Qualche tempo più tardi tuttavia, le cose cambiarono piuttosto velocemente. La sua auto non si mosse più dal garage e sul tettuccio si accumulò un denso strato di polvere. Le partite a carte con gli amici del bar si fecero sempre più sporadiche e le giornate sul divano divennero tutte uguali. Sapevamo bene cosa stava succedendo, ma non avevamo il coraggio di dircelo. 
Parallelamente, in grembo a mia moglie, il destino aveva deciso di piantarci due semi preziosi, da coltivare e crescere con amore e pazienza. Se da un lato la pancia aumentava di giorno in giorno, dall’altro la vita del nonno si stava spegnendo. Una sera di marzo, tuttavia, rientrando in casa dalla solita passeggiatina “premaman”, nello stupore generale lo trovammo in piedi accanto al tavolino. L’indomani usci di casa e girò intorno al palazzo. Stessa scena il giorno dopo e quello dopo ancora. A distanza di una settimana, seppur aiutato, riuscì a compiere il giro dell’intero isolato. Tornando verso casa, guardandoci ci disse: "Se non mi alleno e voi siete sempre al lavoro, chi la spinge la carrozzina di questi bambini?". Gli occhi si inumidirono velocemente e non tirava vento. Sapeva perfettamente che non li avrebbe mai visti sorridere, né tantomeno lo avrebbero chiamato “nonno”. Non gli rimaneva il tempo di prenderli in braccio, sgridarli, viziarli di nascosto o proteggerli dal mondo. Sapeva che la sabbia della sua clessidra si stava per esaurire, ma nonostante tutto aveva deciso di rimettersi in piedi. Il giorno che tornammo dall’ospedale fu il primo a inforcare la carrozzina e uscire in strada sorridente, per far vedere a tutto il quartiere quanto belli fossero i suoi nipotini. Qualche mese più tardi, quando stremato decise che era giunta l’ora di andarsene, realizzando l’impresa che aveva fatto, provammo a riempire il vuoto che aveva lasciato con poche parole semplici: niente può fermare il potere della volontà.

Siena – Santarcangelo: c’è modo e modo di perdere. E a volte basta provare a lottare ed uscire dal campo stremati, per cambiare i fischi in applausi.

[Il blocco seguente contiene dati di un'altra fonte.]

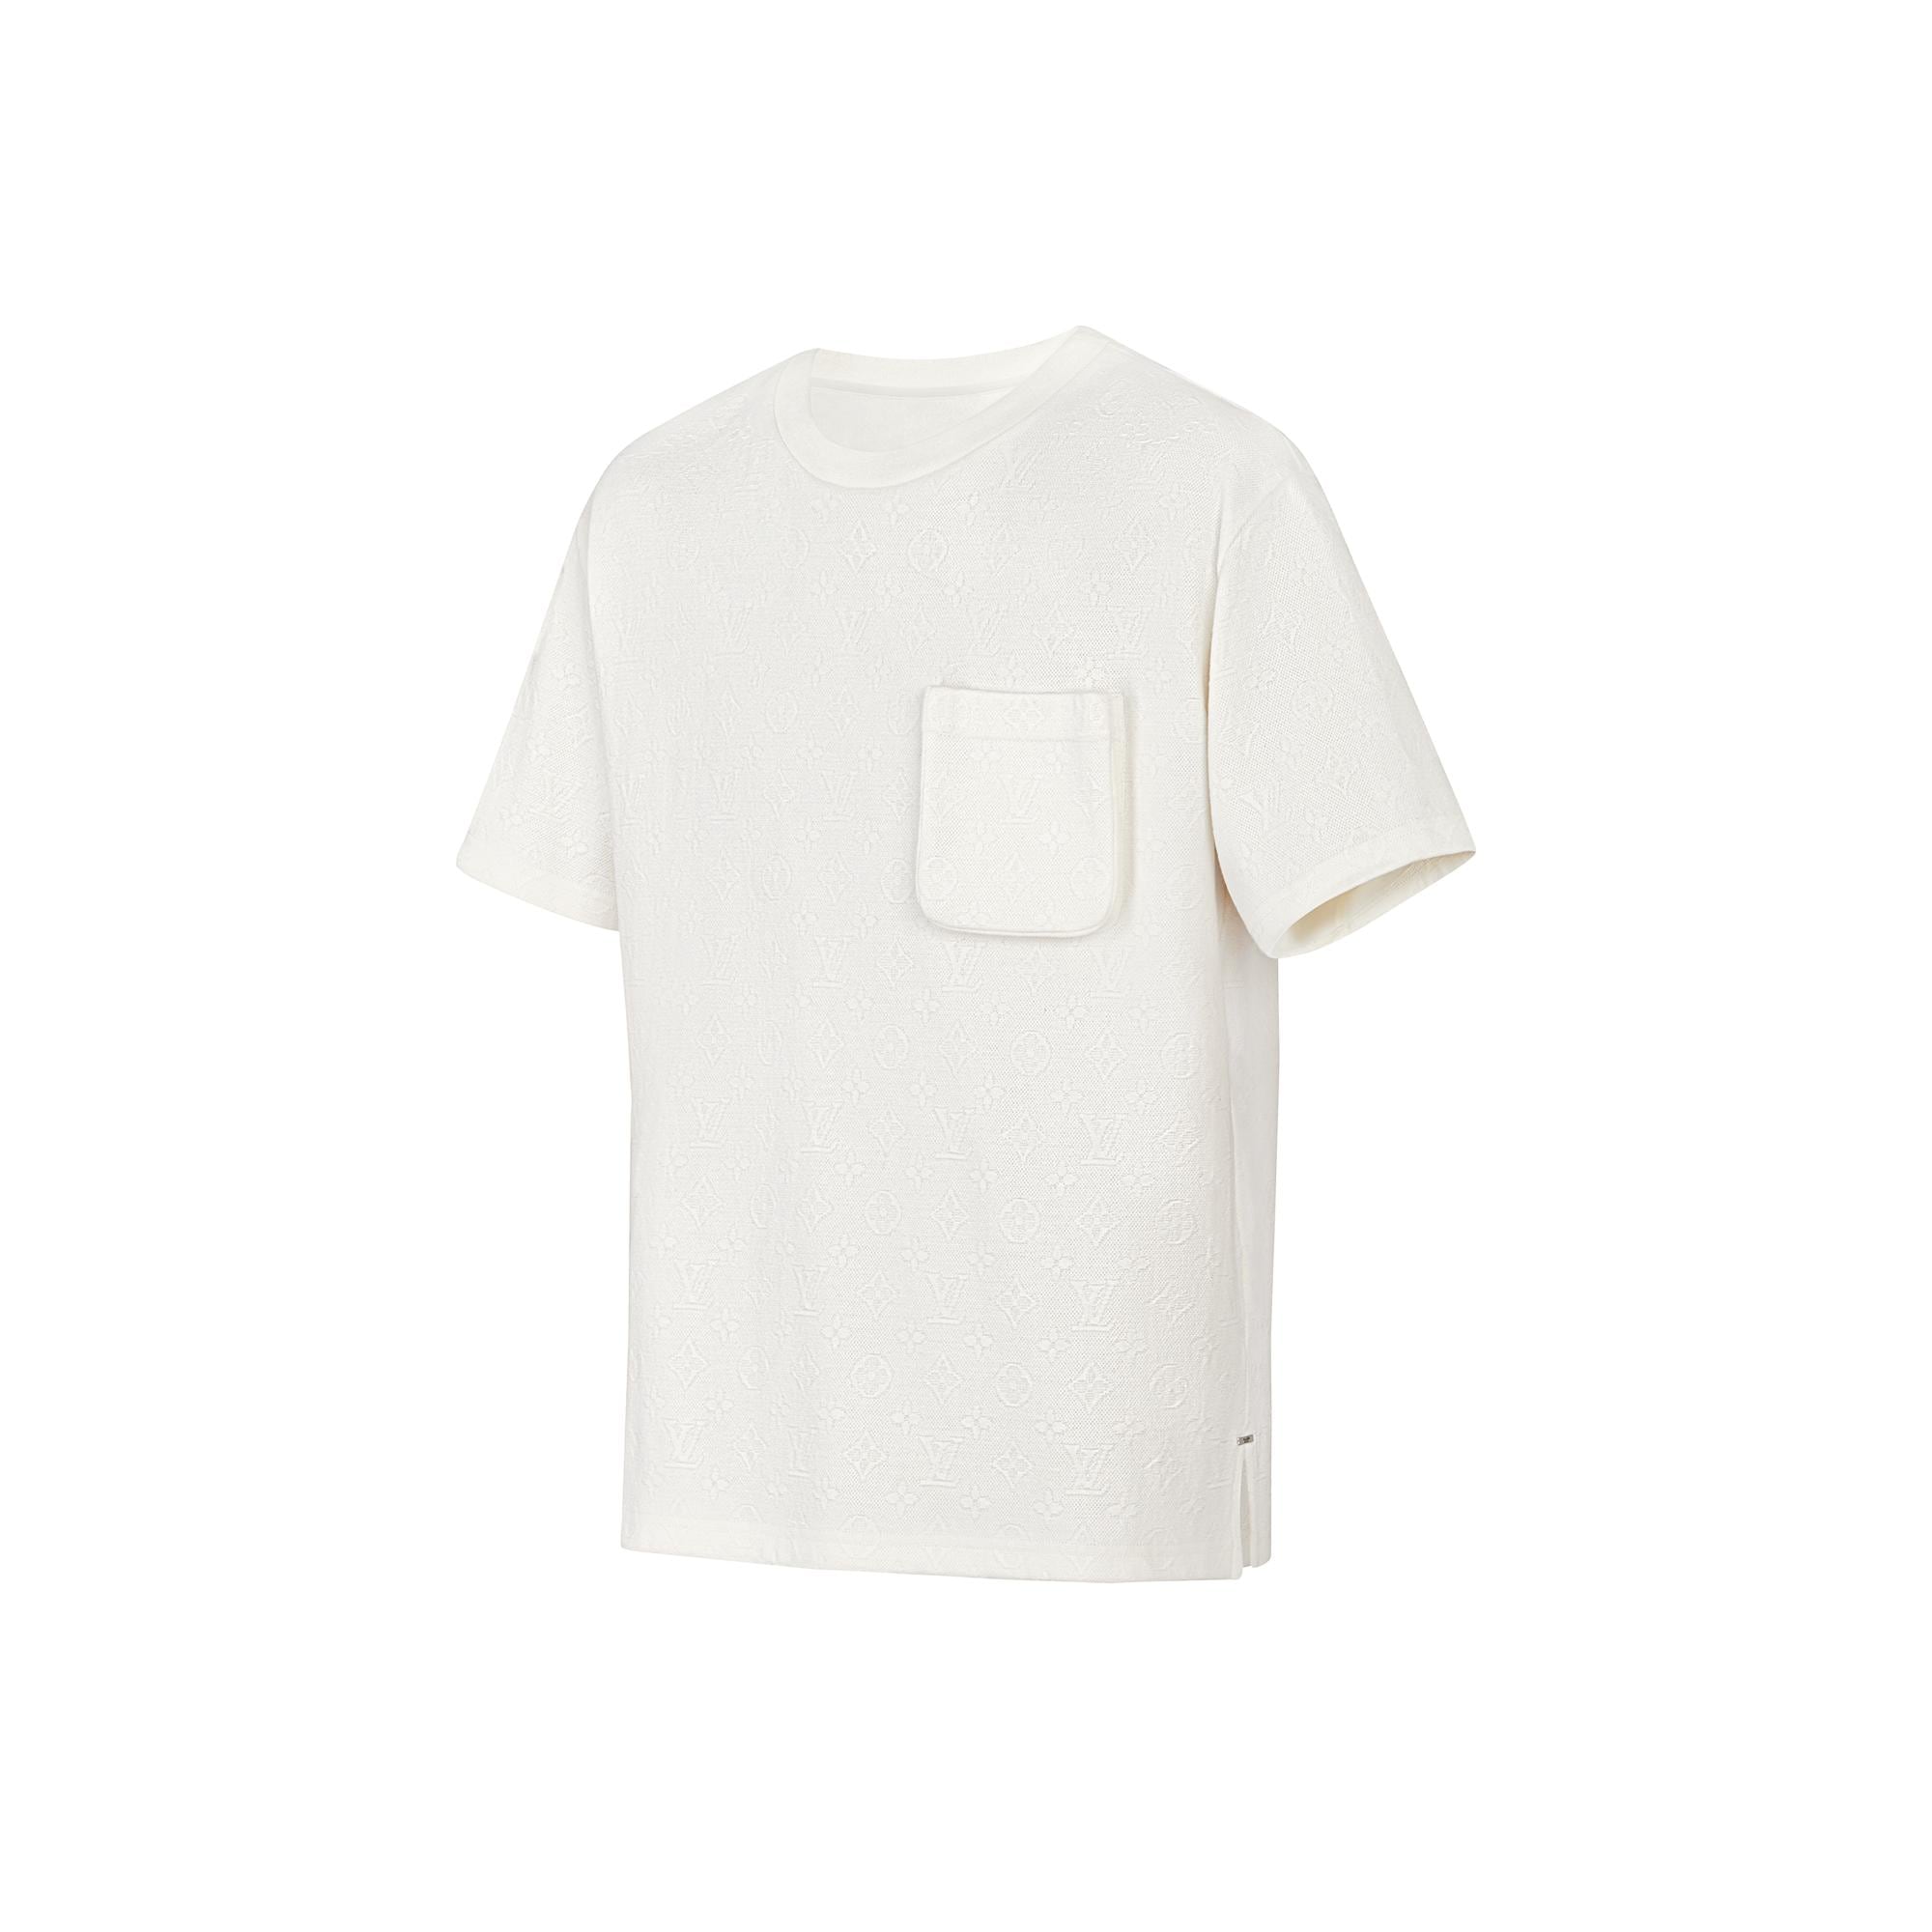 Louis Vuitton Signature 3d Pocket Monogram T-shirt - White
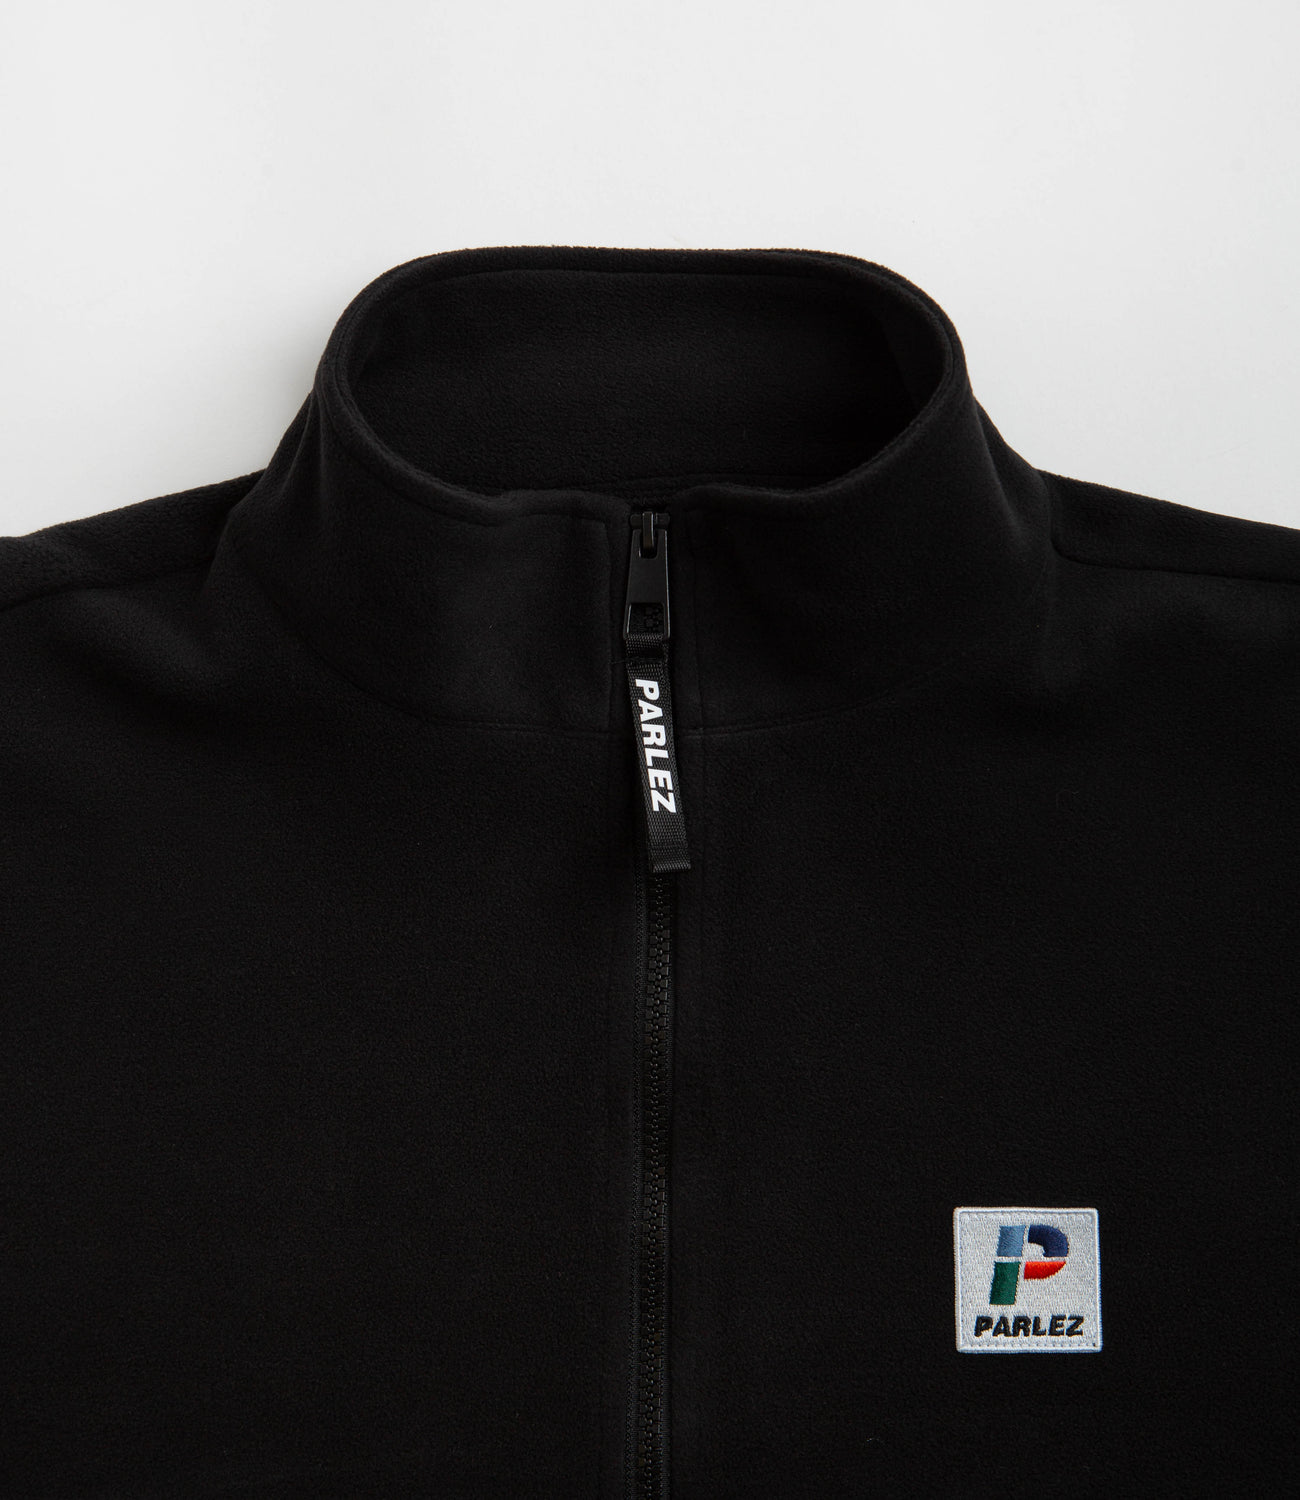 Parlez Reese Fleece 1/4 Zip Sweatshirt - Black | Flatspot

Ma purtroppo, quando Arlecchino si trova a servire improvvisamente due padroni, non sa più a quale rendere conto e le cose non possono che andare male. Una società sempre più avvolta su stessa, presieduta da una figura che non si capisce bene se è ancora centrale o già vivacchia ai margini, finanziata da un’entità restia a farsi conoscere e diretta da personaggi obsoleti alla disperata ricerca di una riconferma (che non arriverà!) e una squadra di gente SCONFITTA prima di entrare in campo, per la quale la maglietta è soltanto un indumento da indossare la domenica, Siena una tappa famosa e “ambizione” una parola troppo difficile da imparare a memoria: tra qualche mese sarete (tutti) soltanto un brutto ricordo. Nel frattempo avrete contributo ad annoiare un popolo che anche quest’anno aveva sperato in qualcosa di buono, dando anche l’impressione di fregarvene! Ma chiedere scusa è tanto difficile? Ci sono uomini con la U maiuscola ed altri piccoli piccoli. Non sta a me giudicare: il tempo è galantuomo!

Tutti uniti insieme avanzeremo!!

Ps. La squadra della Robur scesa in campo domenica scorsa, avrebbe vinto il campionato di serie D? No!